If you're surprised by the Rays, you weren't paying enough attention

It wasn’t supposed to be like this. Winning the American League wild-card game was supposed to be an invitation for the Tampa Bay Rays to get walloped by the World Series favorite Houston Astros.

This American League Division Series — which the Rays have now extended to five games with a decisive 4-1 win Tuesday night — was supposed to be a formality. The Rays would be a footnote on another Astros World Series appearance. Hosting two games at Tropicana Field instead of getting swept by Houston seemed like a moral victory, particularly when they opposed Justin Verlander in Game 4, one of the elite pitchers in baseball who actually seems bulletproof in the postseason.

Well, there was the way it was supposed to be ... and then there’s what actually happened.

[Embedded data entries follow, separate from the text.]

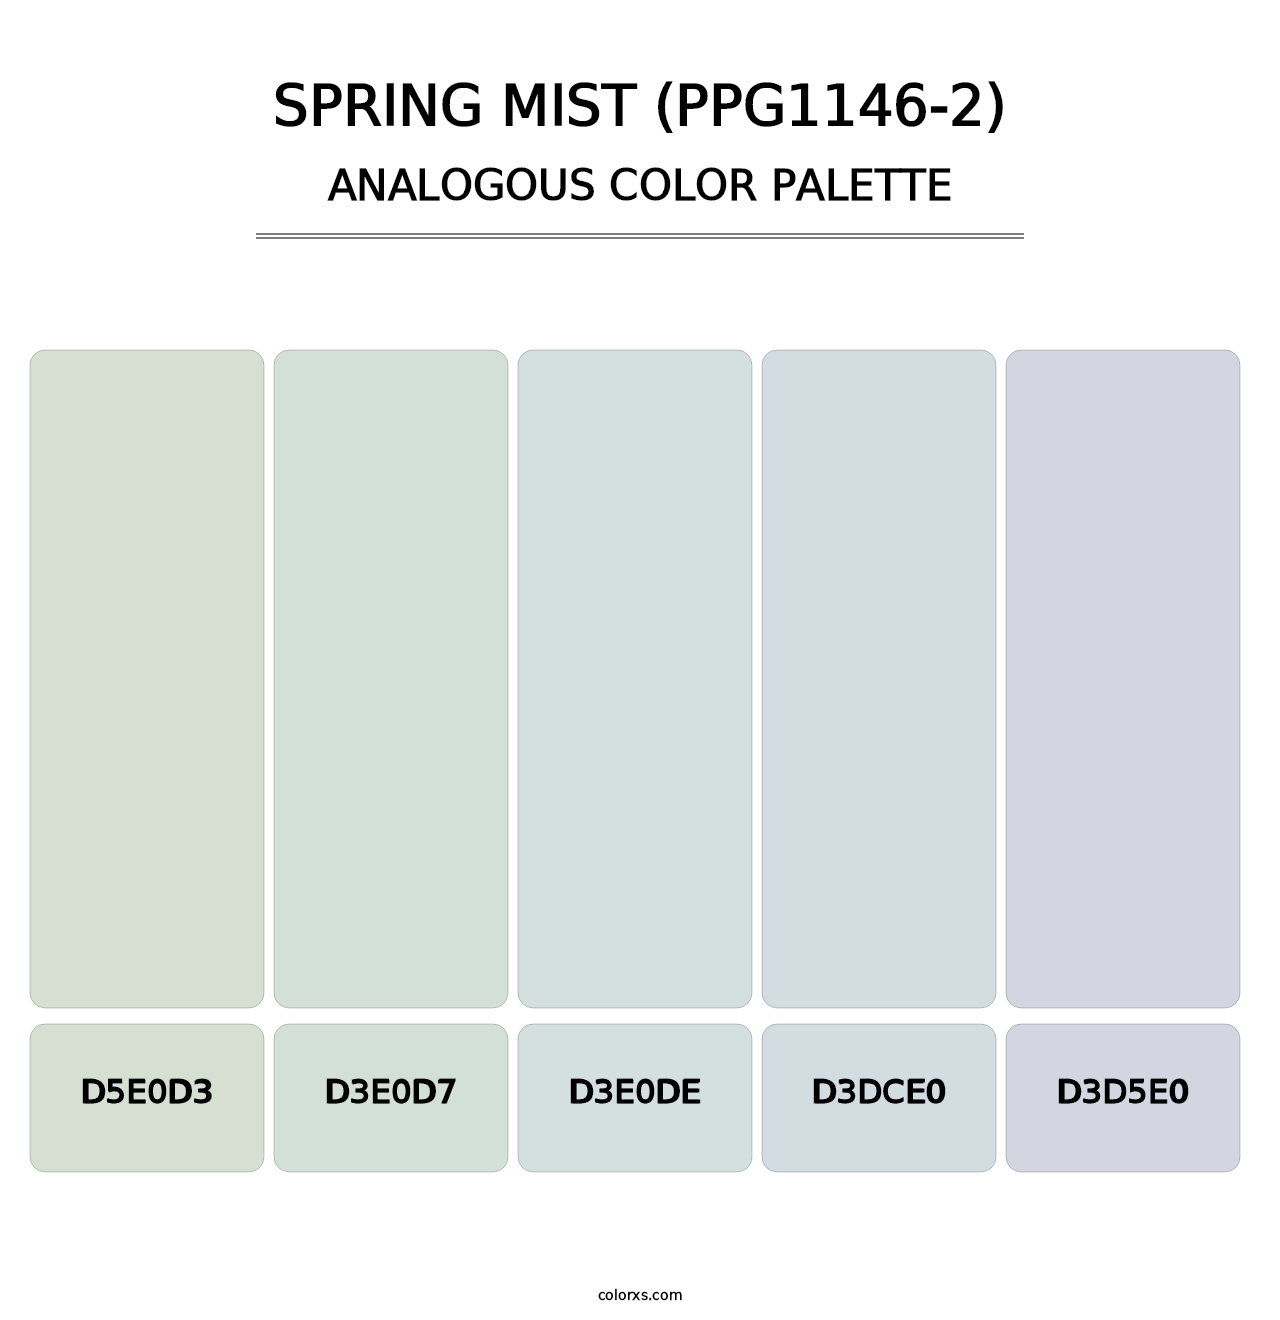 Spring Mist (PPG1146-2) - Analogous Color Palette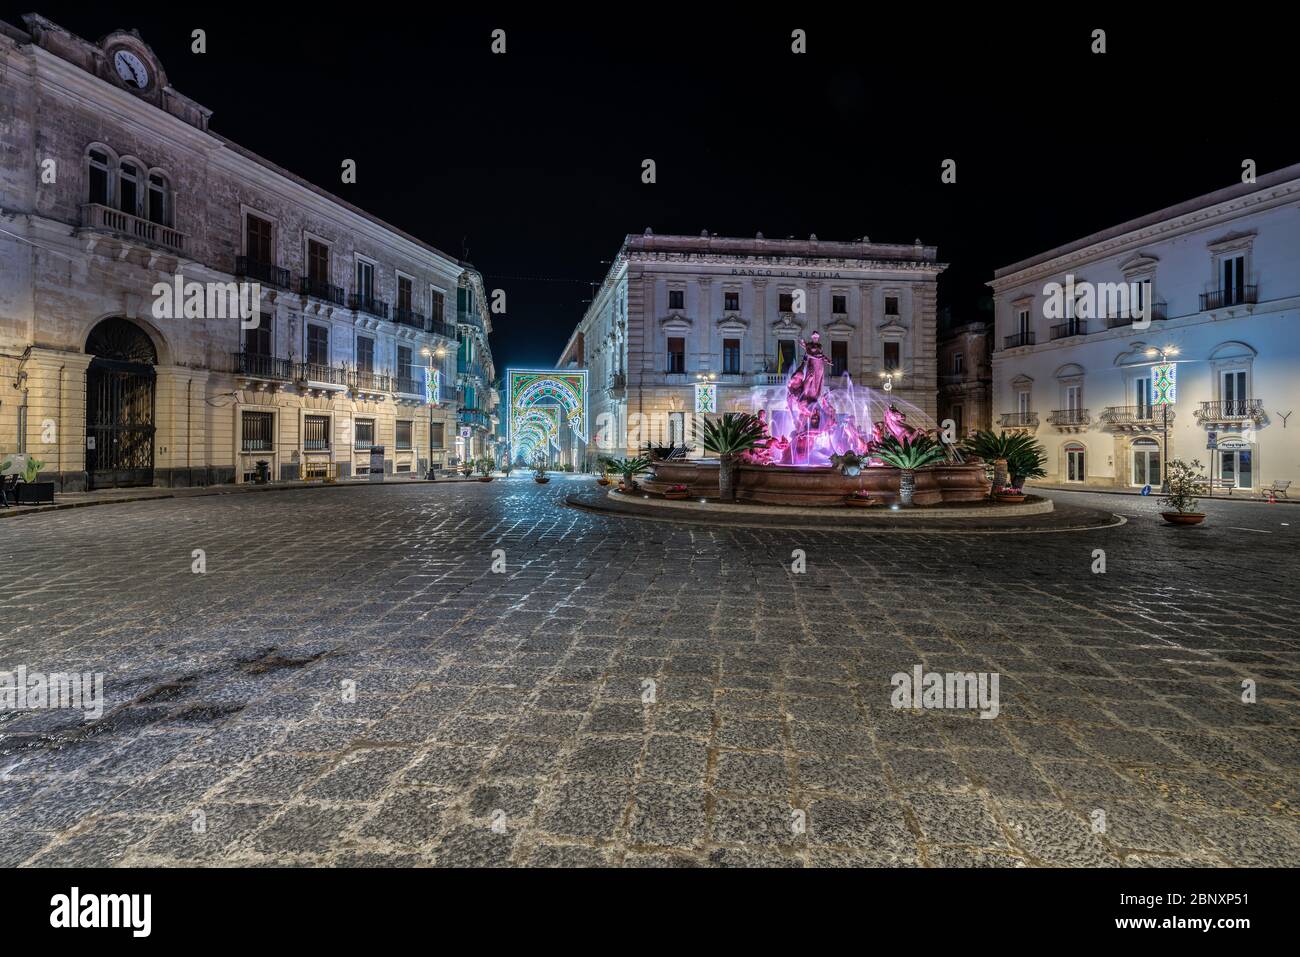 Syrakus Sizilien/ Italien - Dezember 28 2019: Arthemis-Brunnen auf dem Archimede-Platz. - Bild Stockfoto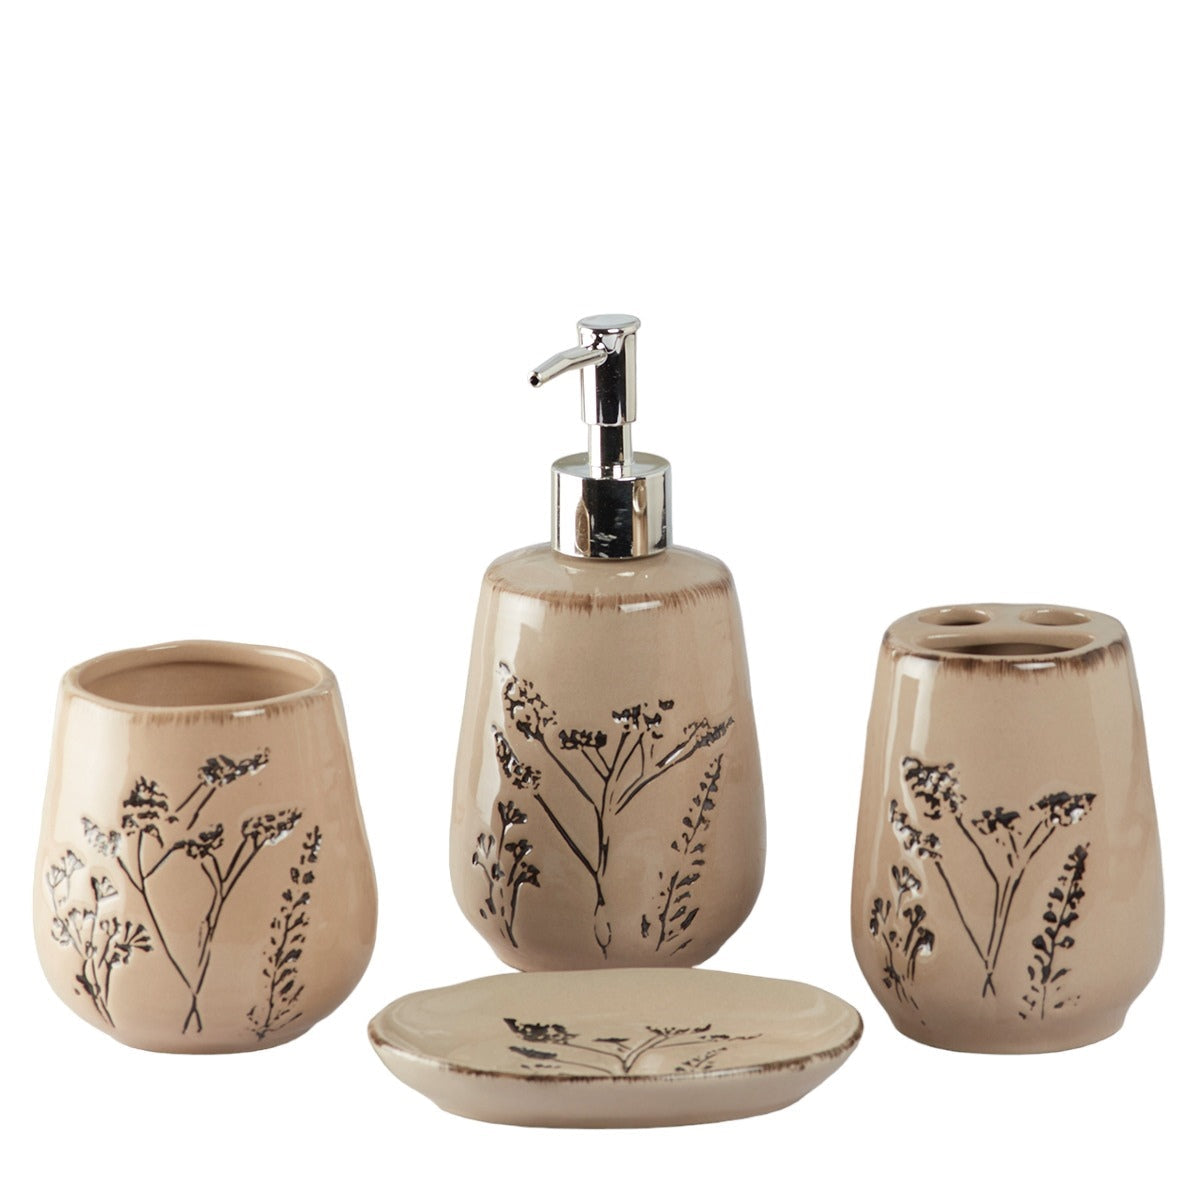 Ceramic Bathroom Accessories Set of 4 Bath Set with Soap Dispenser (9888)

The Rays won again. Handily at that. Their home fans, often a punchline in the regular season because of all the empty seats, showed up in full force. The Rays struck early, knocking Verlander out of the game before the fifth inning. They used a parade of pitchers, most of them you’ve never heard of, to silence the powerful Astros bats. They didn’t just eke out a victory. They triumphed playing their way, as unconventional as it might be sometimes.

You might be wondering who the heck are these upstart Rays that have pushed the Astros to their limit. If you asked them, they’d tell you you weren’t paying attention for the past six months.

They won 96 games, enough to win divisions in other seasons. They were the best team in baseball early in the year. They don’t have any stars, but they string together hits and have a seemingly never-ending line of pitchers who simply get outs.

Now people are noticing. The Astros sure are.

“About time,” Tommy Pham, who hit the first-inning homer that got The Trop rocking and Verlander teetering, told reporters after the game. “Because we have a really good team over here. And to win 96 games in this division with New York and Boston is an impressive feat. And all year we've been getting talked down. And now with the last two games, the way we played, the whole world has seen how good of a team we are and how well-rounded we are.”

The Rays have pushed the Astros to a Game 5 and are ready to shock the world. (Photo by Mike Carlson/MLB Photos via Getty Images)
The Rays have pushed the Astros to a Game 5 and are ready to shock the world. (Photo by Mike Carlson/MLB Photos via Getty Images)

These Rays ranked last of all the teams in the postseason in home runs, but have hit more than any other team in October thus far. A small-sample size, sure, but the only sample size that matters this time of year. They’ve outscored the mighty Astros 17-13 through four games.

The Astros haven’t had a lead since Jose Altuve homered in the first inning of Game 3, which amounts of 17 straight innings of the Rays winning. They’ll need nine more, against possible AL Cy Young winner Gerrit Cole no less, but at this point, doubting the Rays seems like a fool’s stance.

“We've known how good we are,” Rays pitcher Blake Snell told The Athletic on Tuesday night. “A lot of people have slept on that. But that's what makes us, us. Everyone believes in each other. We love each other. We know we can win these ballgames and play with the best.”

They play their own way. They have a few very good starting pitchers, but when they feel like they’re better suited for it — like Tuesday night’s game — they lean on the “opener” strategy that they were the innovators of last year. And they’re not afraid to use their best reliever in the fourth inning and use their reigning Cy Young winner in the ninth. Both of which happened in Game 4.

They execute. Take the picture-perfect, fourth-inning relay from the centerfield wall that cut down Jose Altuve at home plate and squashed an Astros rally before it could start. It was just well-executed baseball — the type of play this team rallies around.

“Plays like that, it's contagious,” Pham says. “When one of your teammates makes a great play, it usually leads to more great plays. It's contagious. Just like hitting. When guys are putting together good at-bats, it's contagious.”

It wasn’t supposed to be like this. Not for most of the Rays players either. Pham came up with the St. Louis Cardinals but they traded him to the Rays. Tyler Glasnow and Austin Meadows were top prospects for the Pirates whose stock had fizzled a bit before they were traded for Chris Archer, a move that looks more and more like a heist every day. Ji-Man Choi played for three other teams before this, including the Yankees. Travis d'Arnaud played for three teams this *season*, which would seem like a lot if Oliver Drake hadn’t played for six different organizations in the past 18 months.

Their best player — Snell, the reigning Cy Young winner — was hurt most of the year. Their Game 4 starter was a relief pitcher who, because of the Rays’ non-traditional approach, finished 18 games this year, started six and pitched in a total of 65. We’re talking about a team whose No. 9 hitter is hitting .500 in the series with homers in the past two games.

This is a crew of cast-offs and players deemed not-quite-good-enough by other teams. Just don’t tell them that.

“There's been people before this series started, talking about David and Goliath,” Rays outfielder Kevin Kiermaier told Fox Sports after the game. “And I'm sitting here saying, look I understand they're really good on paper and we might be the team that's not as appealing as them, but don't ever count us out.”

Sometimes you learn these things the hard way.